I got a weird result from vw
, which uses online learning scheme for logistic regression. And when I add --l1
or --l2
regularization then I got all predictions at 0.5 (that means all features are 0)
Here's my command:
vw -d training_data.txt --loss_function logistic -f model_l1 --invert_hash model_readable_l1 --l1 0.05 --link logistic
...and here's learning process info:
using l1 regularization = 0.05
final_regressor = model_l1
Num weight bits = 18
learning rate = 0.5
initial_t = 0
power_t = 0.5
using no cache
Reading datafile = training_data.txt
num sources = 1
average since example example current current current
loss last counter weight label predict features
0.693147 0.693147 1 1.0 -1.0000 0.5000 120
0.423779 0.154411 2 2.0 -1.0000 0.1431 141
0.325755 0.227731 4 4.0 -1.0000 0.1584 139
0.422596 0.519438 8 8.0 -1.0000 0.4095 147
0.501649 0.580701 16 16.0 -1.0000 0.4638 139
0.509752 0.517856 32 32.0 -1.0000 0.4876 131
0.571194 0.632636 64 64.0 1.0000 0.2566 140
0.572743 0.574291 128 128.0 -1.0000 0.4292 139
0.597763 0.622783 256 256.0 -1.0000 0.4936 143
0.602377 0.606992 512 512.0 1.0000 0.4996 147
0.647667 0.692957 1024 1024.0 -1.0000 0.5000 119
0.670407 0.693147 2048 2048.0 -1.0000 0.5000 146
0.681777 0.693147 4096 4096.0 -1.0000 0.5000 115
0.687462 0.693147 8192 8192.0 -1.0000 0.5000 145
0.690305 0.693147 16384 16384.0 -1.0000 0.5000 145
0.691726 0.693147 32768 32768.0 -1.0000 0.5000 116
0.692437 0.693147 65536 65536.0 -1.0000 0.5000 117
0.692792 0.693147 131072 131072.0 -1.0000 0.5000 117
0.692970 0.693147 262144 262144.0 -1.0000 0.5000 147
BTW, the number of features are nearly 80,000 and each sample contains only tiny part of it(that why current features
only 100 around).
Here's my guess, in objective function/loss function, the second term regularization loss
might dominate the whole equation, which lead to this phenomenon?
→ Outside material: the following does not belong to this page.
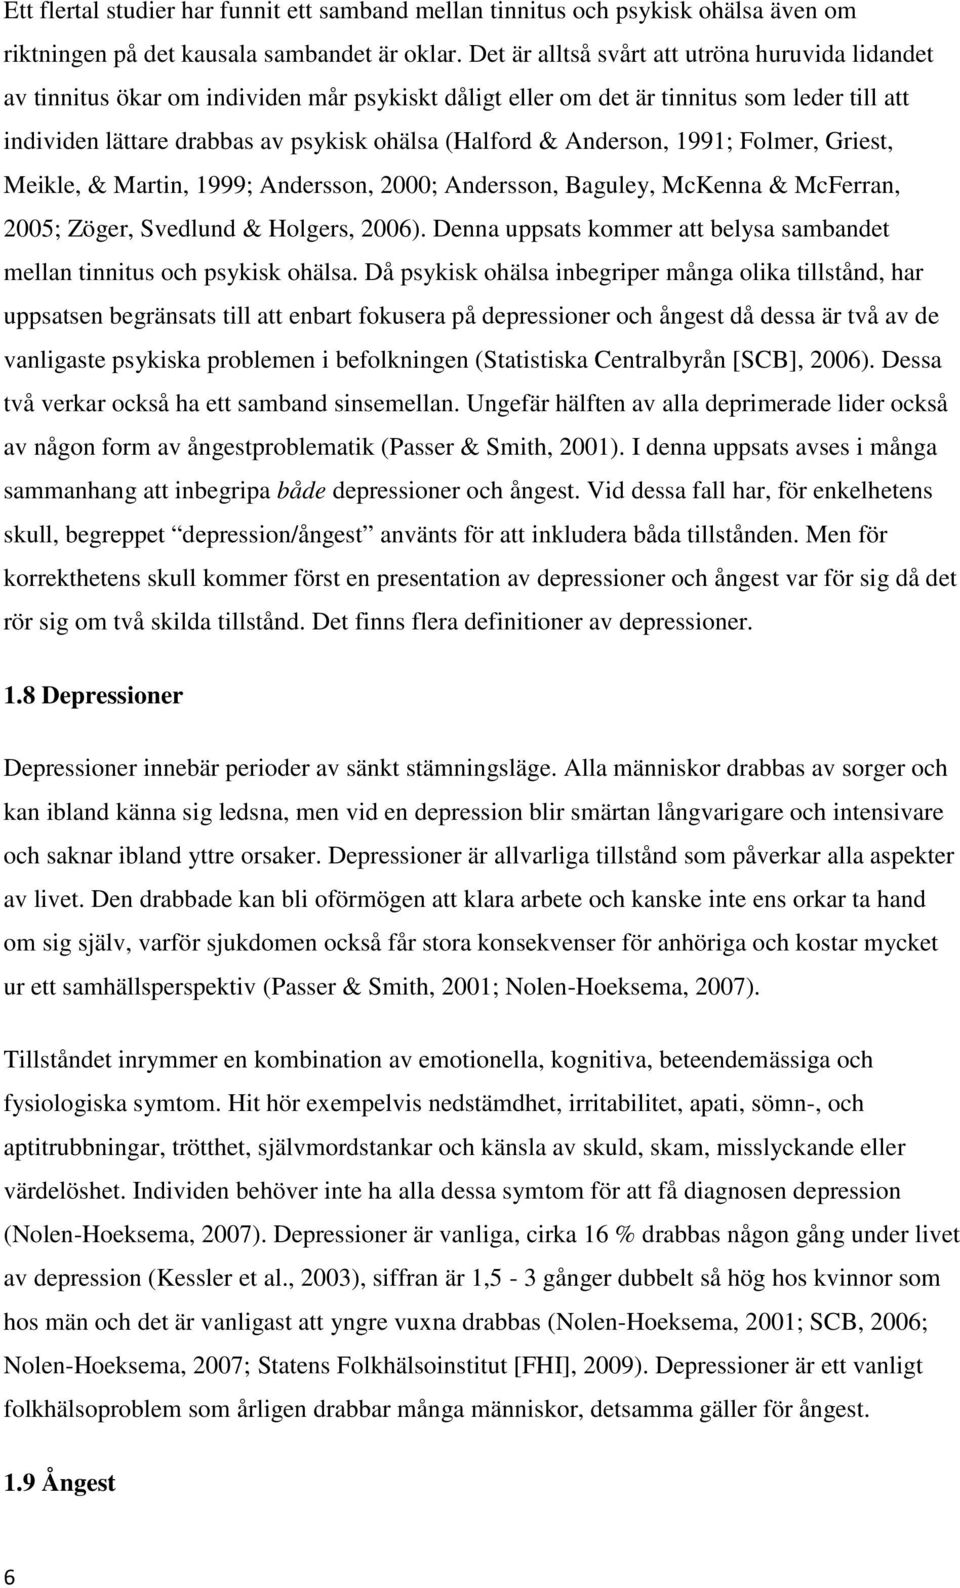 Anderson, 1991; Folmer, Griest, Meikle, & Martin, 1999; Andersson, 2000; Andersson, Baguley, McKenna & McFerran, 2005; Zöger, Svedlund & Holgers, 2006).

loss = example_loss + regularization_loss
And I try another dataset (the other day's)
$vw-hypersearch -L 1e-10 5e-4 vw --l1 % training_data.txt
vw-hypersearch: -L: using log-space search
trying 1.38099196677199e-06 ...................... 0.121092 (best)
trying 3.62058586892961e-08 ...................... 0.116472 (best)
trying 3.81427762457755e-09 ...................... 0.116095 (best)
trying 9.49219282204347e-10 ...................... 0.116084 (best)
trying 4.01833137620189e-10 ...................... 0.116083 (best)
trying 2.36222250814353e-10 ...................... 0.116083 (best)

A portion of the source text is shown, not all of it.